_TASK DESCRIPTION_
The answer is the data below, repeated exactly, with no pictures included.

_SOURCE MATERIAL_
=== Begin Enclosure ===

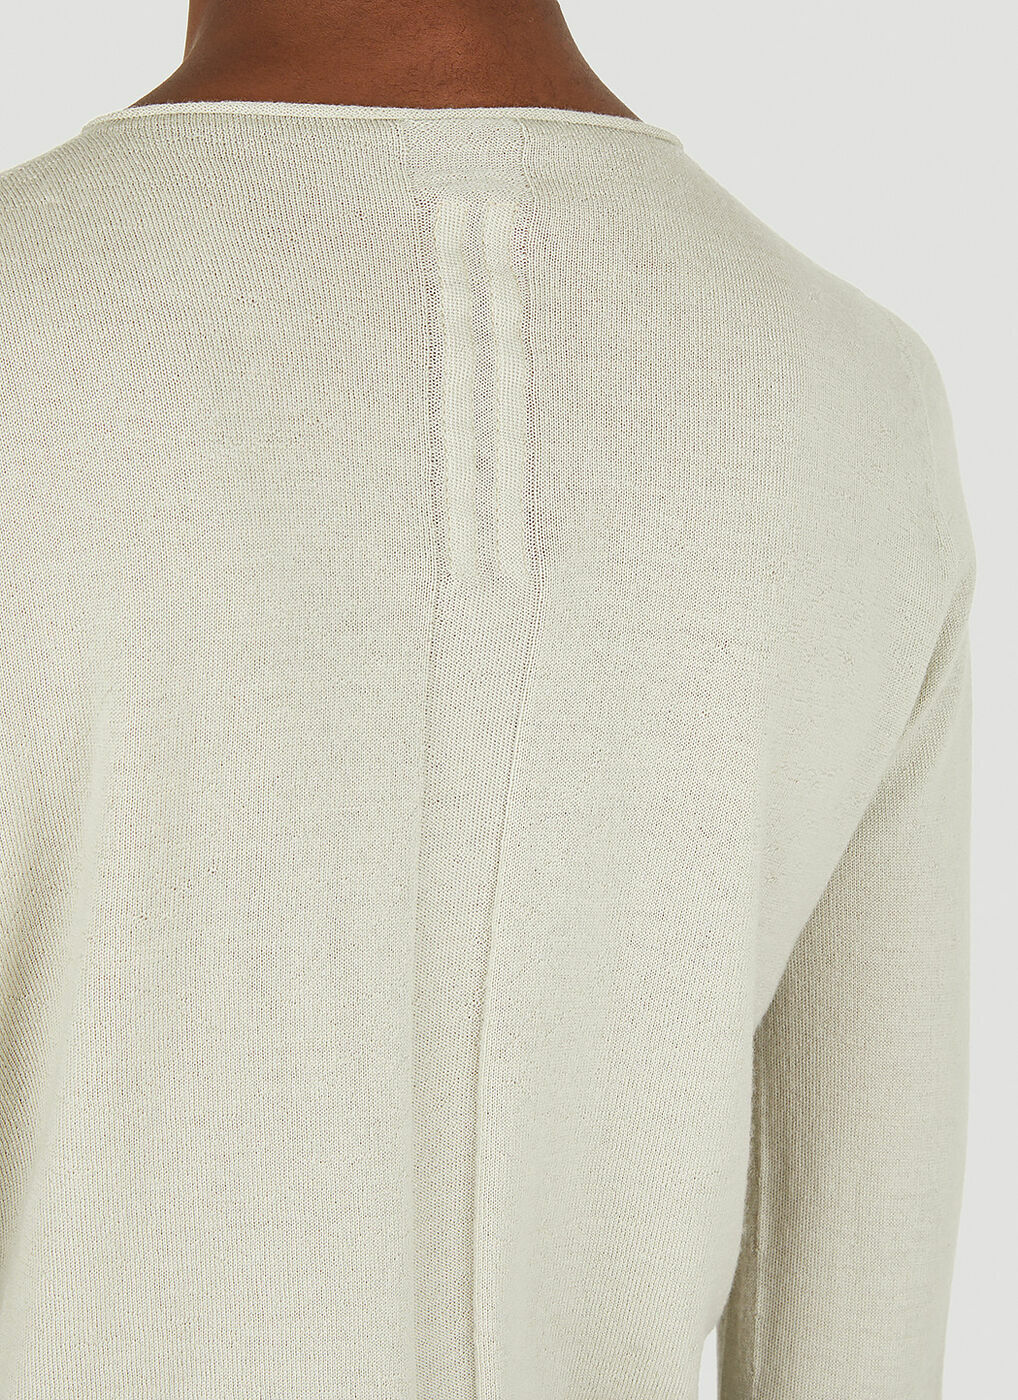 Tonal Panel Sweater in Grey
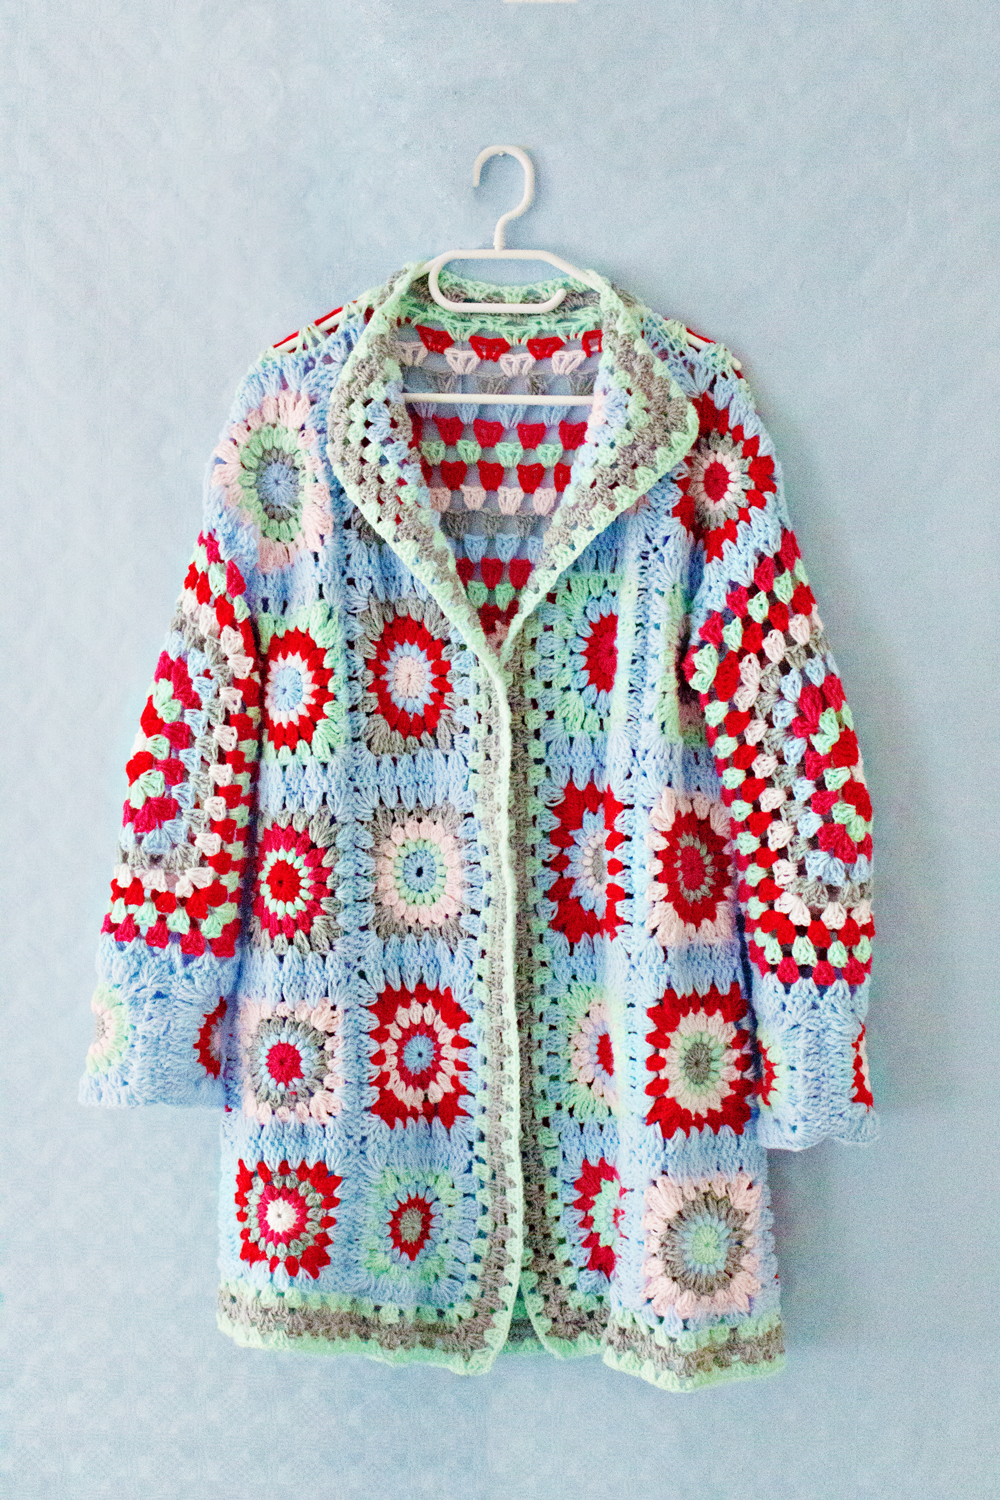 Granny Square Top Crochet Pattern – Handy Little Me Shop
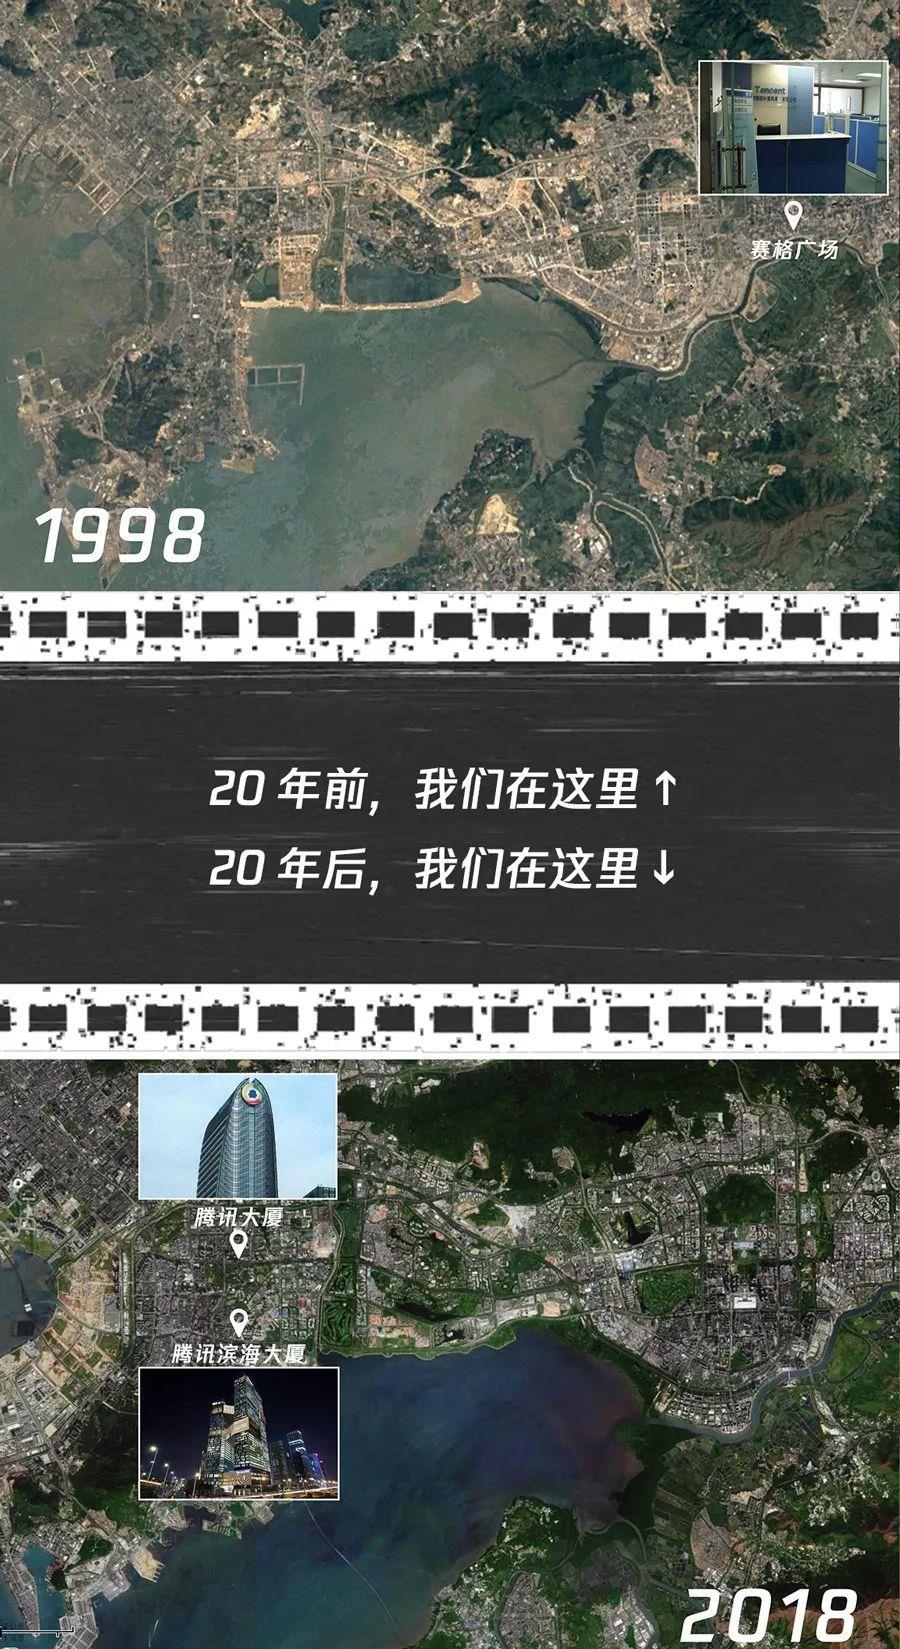 双11腾讯将迎来20岁生日 马化腾20年前的老照片曝光

=== End Enclosure ===

_TASK OUTPUT_
 Tonal Panel Sweater in Grey
 Granny Square Top Crochet Pattern – Handy Little Me Shop
 双11腾讯将迎来20岁生日 马化腾20年前的老照片曝光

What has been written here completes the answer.